# natural or pure gum rubber?



## crapshot (May 3, 2011)

shoot gum rubber but never ordered any sheets natural or pure or it doesnt matter ?


----------



## Flatband (Dec 18, 2009)

Hi Dan,
they call it Natural, Pure,Live, there all the same Bud. You have a guy right in Michigan that has great Gum Rubber. The name of the place is "Exotic plastic and rubber"-I think it's in Farmington? Anyway, the guy to speak to is Peter Tangorra. Need any other tips,give me a ring. Flatband


----------



## Whiteleather (Feb 4, 2012)

Saw a review/comparison of Natural Latex versus TBG on YouTube. Test done by Torsten can be seen here: http://slingshotforum.com/topic/12571-thera-band-gold-vs-natural-latex-speed-tests/

The result seems to say that Natural give 2-3% increase in velocity over TBG with the same length of band and weight of projectile.

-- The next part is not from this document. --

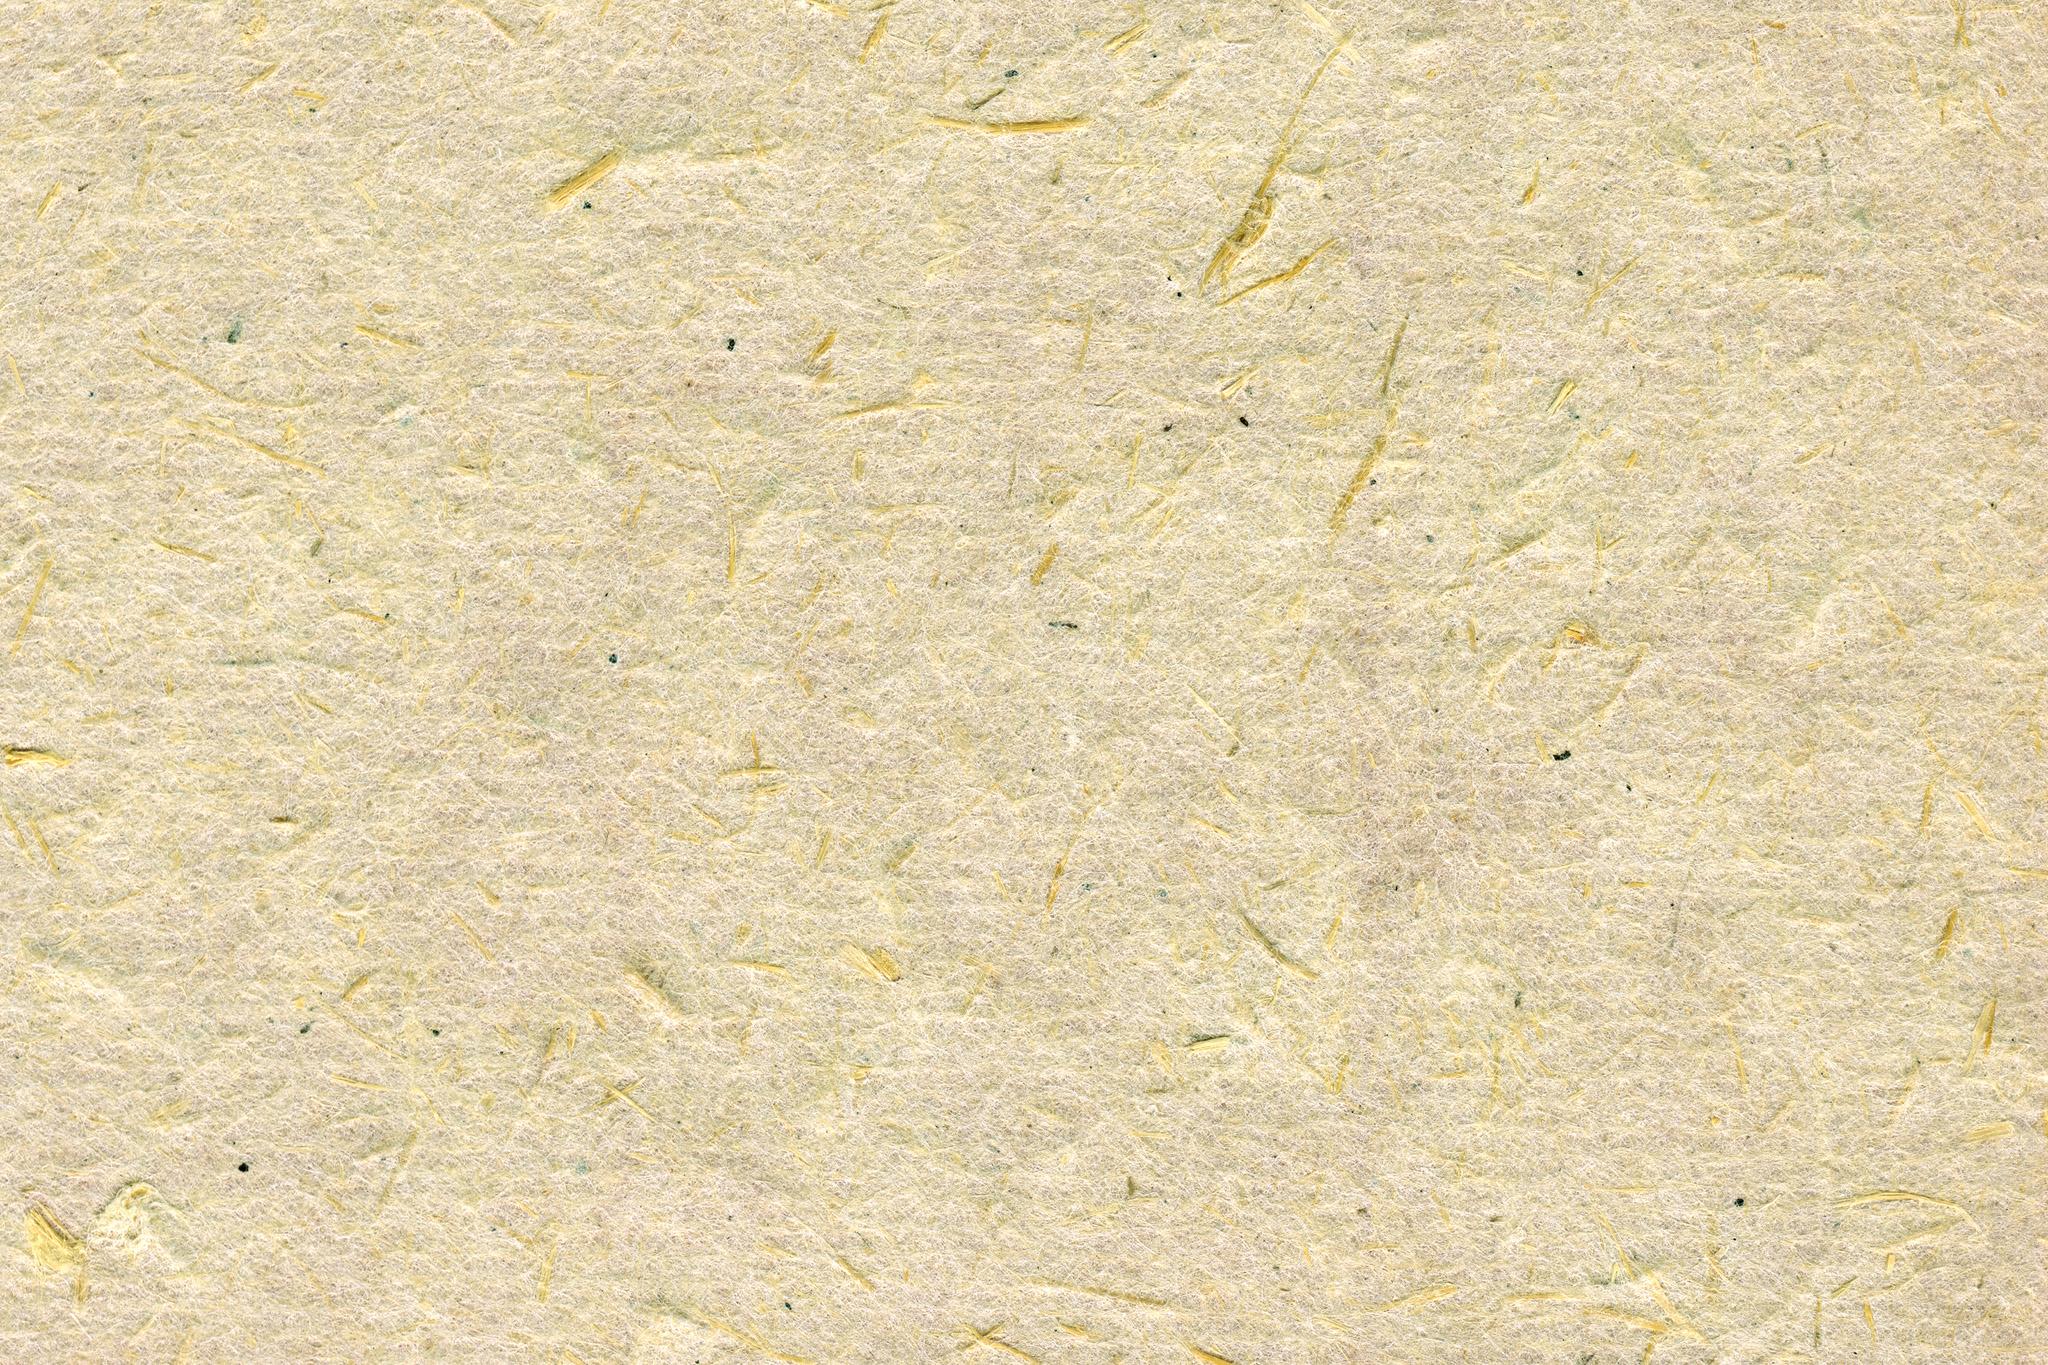 「楮と細い繊維のテクスチャがある和紙」の画像を無料ダウンロード

Not enough, in my book, to make it worth the effort of tracking down natural latex over the easily found and widely available TBG.

Find something that shoots 25% faster than TBG with all other factors equal (price, availability, longevity, energy of projectile, etc) and I may give it a look. Otherwise I am not really concerned.

I mean, the neighbor's wife may be a better lover than yours by 2-3%, but it isn't worth the risk unless she can bring it by 25% more...right? Just sayin.

K in NY


----------